I know the area of health-tech is picking up pace and I want to be part of the effort towards making it a reality. But, you know, the journey of a thousand miles beings with ... etc etc.

So to begin this journey, I've focussed my honours/4th year on building an activity recognition system that works real-time on an iPhone. Now, this idea is not new. There are fitness bands and smartwatches that accomplish most of what I aim to do but that is not the point. There is no single solution for this problem, so the point is to create my implementation and to go through the process of solving a non-trivial problem.

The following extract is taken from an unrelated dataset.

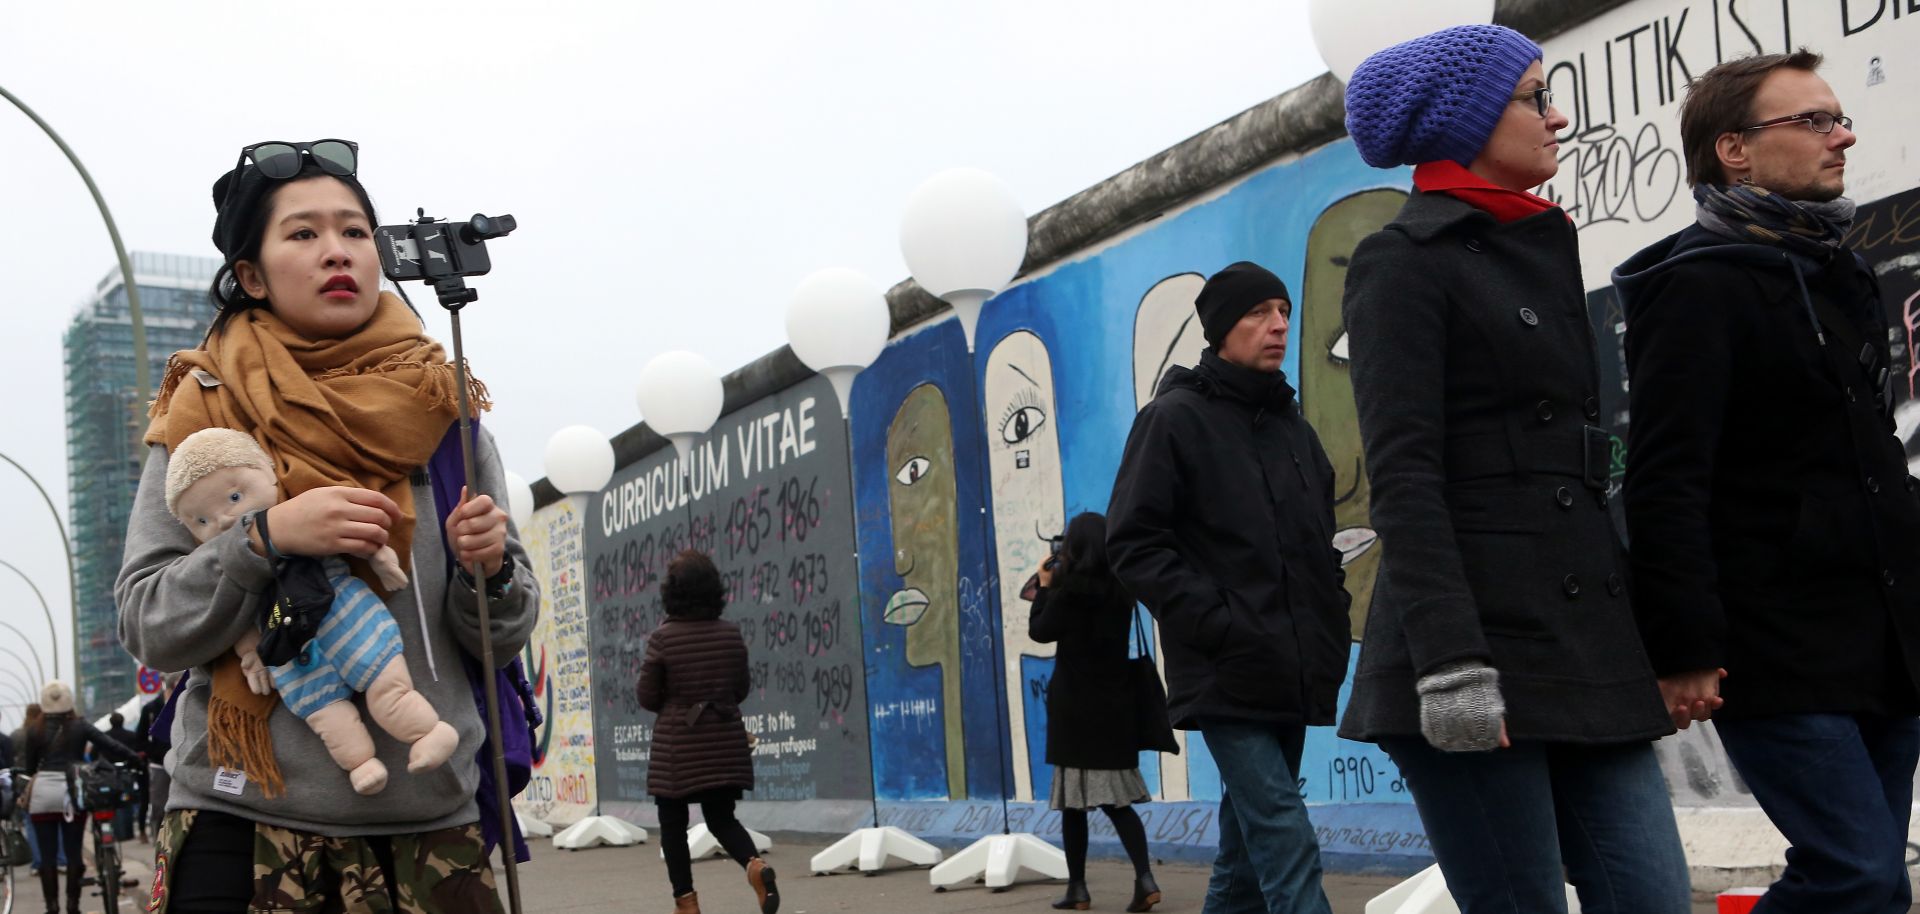 Visitors walk by East Side Gallery section of the former Berlin Wall during celebrations for the 25th anniversary of the fall of the wall that partitioned Germany during the Cold War, Nov. 9, 2014.

Activity recognition can be separated into three main parts: sensing module, feature analysis and classification. The sensing module is responsible for collecting the sensor data, and I've implemented this part, so here are some pretty pictures (data collected through an iPhone strapped to my wrist, visualising specifically the x-axis acceleration measured by the gyroscope):

How can you not be giddy with excitement after looking at these! We can distinguish most of these quite easily, and can even count the repetitions of the pull-ups! But just because it's relatively easily to identify based on inspection, building a recognition model isn't as trivial. So my first goal is to take these four activities and try to classify them as activity vs non-activity. Then i'll progress to identification of specific activities and just keep building on it.

That's the current state of the project, and as I hit milestones/roadblocks/insights with the project, I'll share the progress!